こちらは、イクラ不動産をご利用いただいたお客様の実際のご相談内容になります。
※イクラ不動産は不動産会社ではなく、無料&匿名で不動産の相談・会社選び・査定ができるサービスです。
離婚や別居の際に、家の名義が単独で夫名義になっている場合は、勝手に売却されてしまうリスクがあります。
ここでは夫名義の家があるとき、離婚で夫が勝手に売却する危険性と対処方法についてわかりやすく説明します。
もくじ
1.旦那単独名義の家は、旦那だけで売却可能
家族で住んでいた家でも、旦那単独名義になっているとき、夫は妻への相談や協力なしに、自分1人で家を売却できます。

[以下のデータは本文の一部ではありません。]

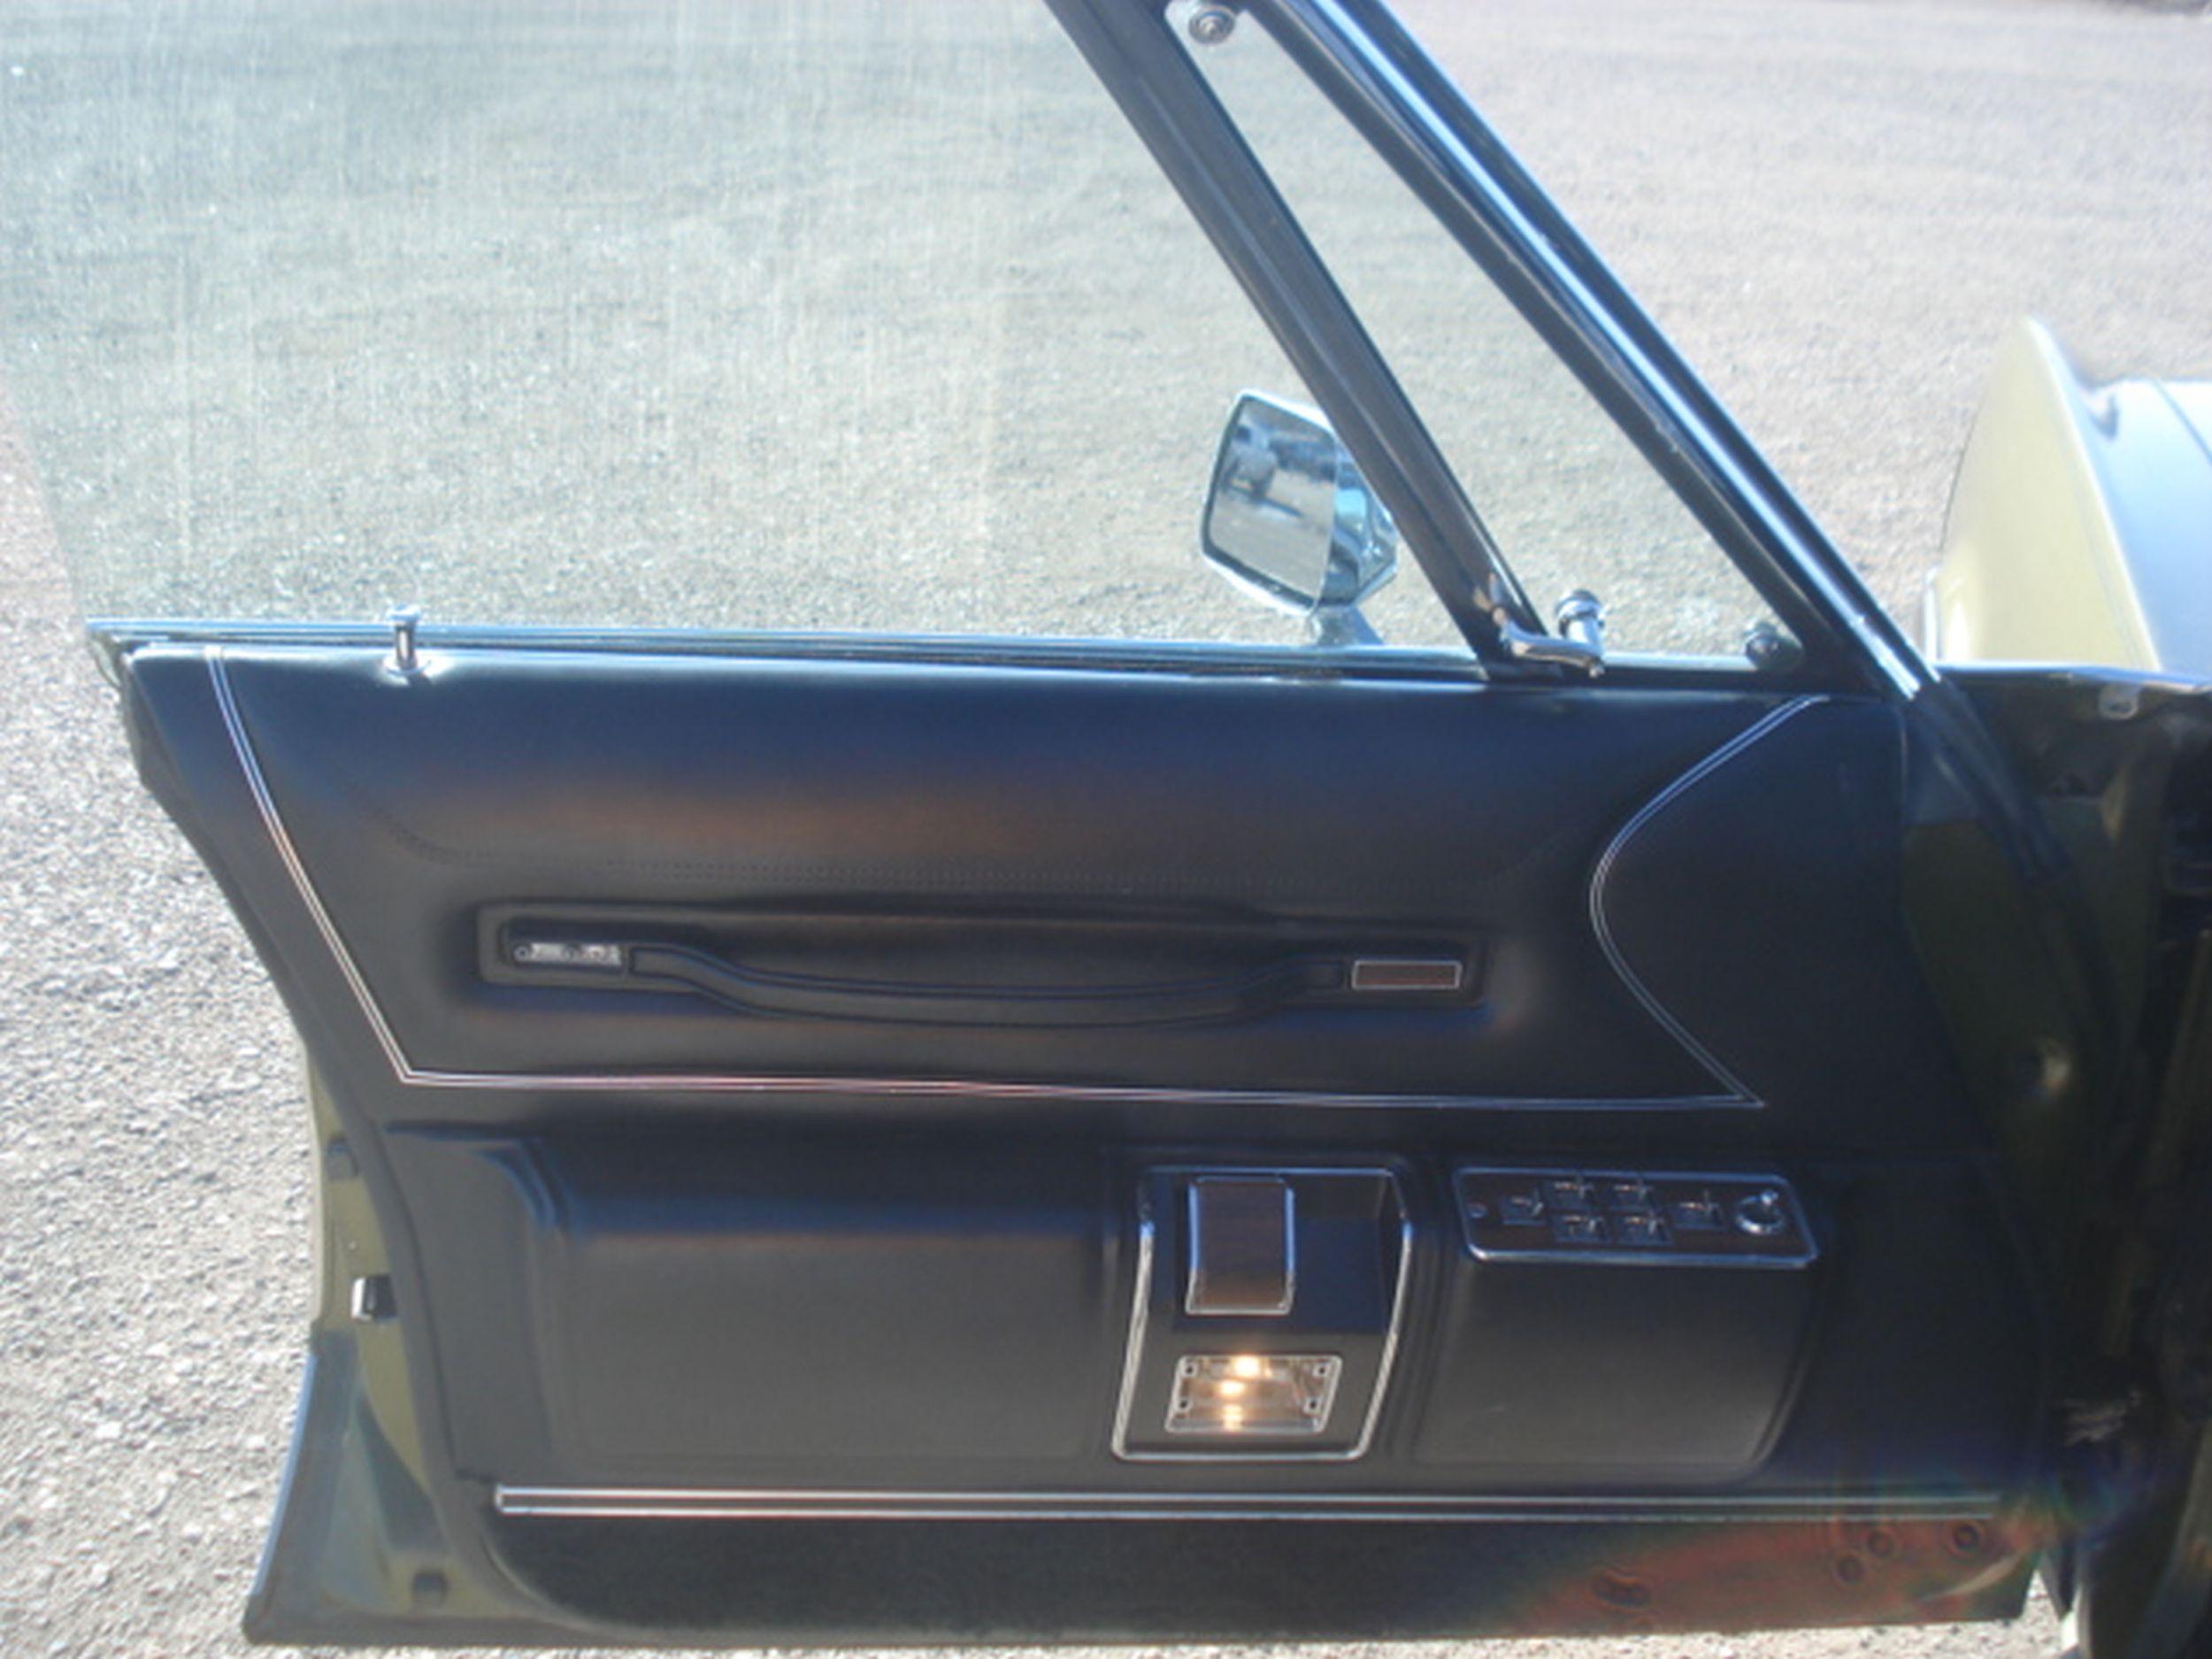 1974 Chrysler Imperial LeBaron 4dr HT

不動産会社に売却を依頼するのも夫だけで良いですし、売買契約の締結も夫だけでできます。
妻に連絡する必要すらありません。
1-1.旦那名義の家を売却するときの流れ
旦那さんが夫名義の家を売るとき、どのような流れになるのかみてみましょう。
まずは、不動産会社に家の査定をしてもらい、旦那さんが不動産会社と売却の媒介契約(ばいかいけいやく:売却活動を不動産会社に依頼するための契約)を締結します。契約者は家の名義人である旦那さん1人であり、妻に通知する必要はありません。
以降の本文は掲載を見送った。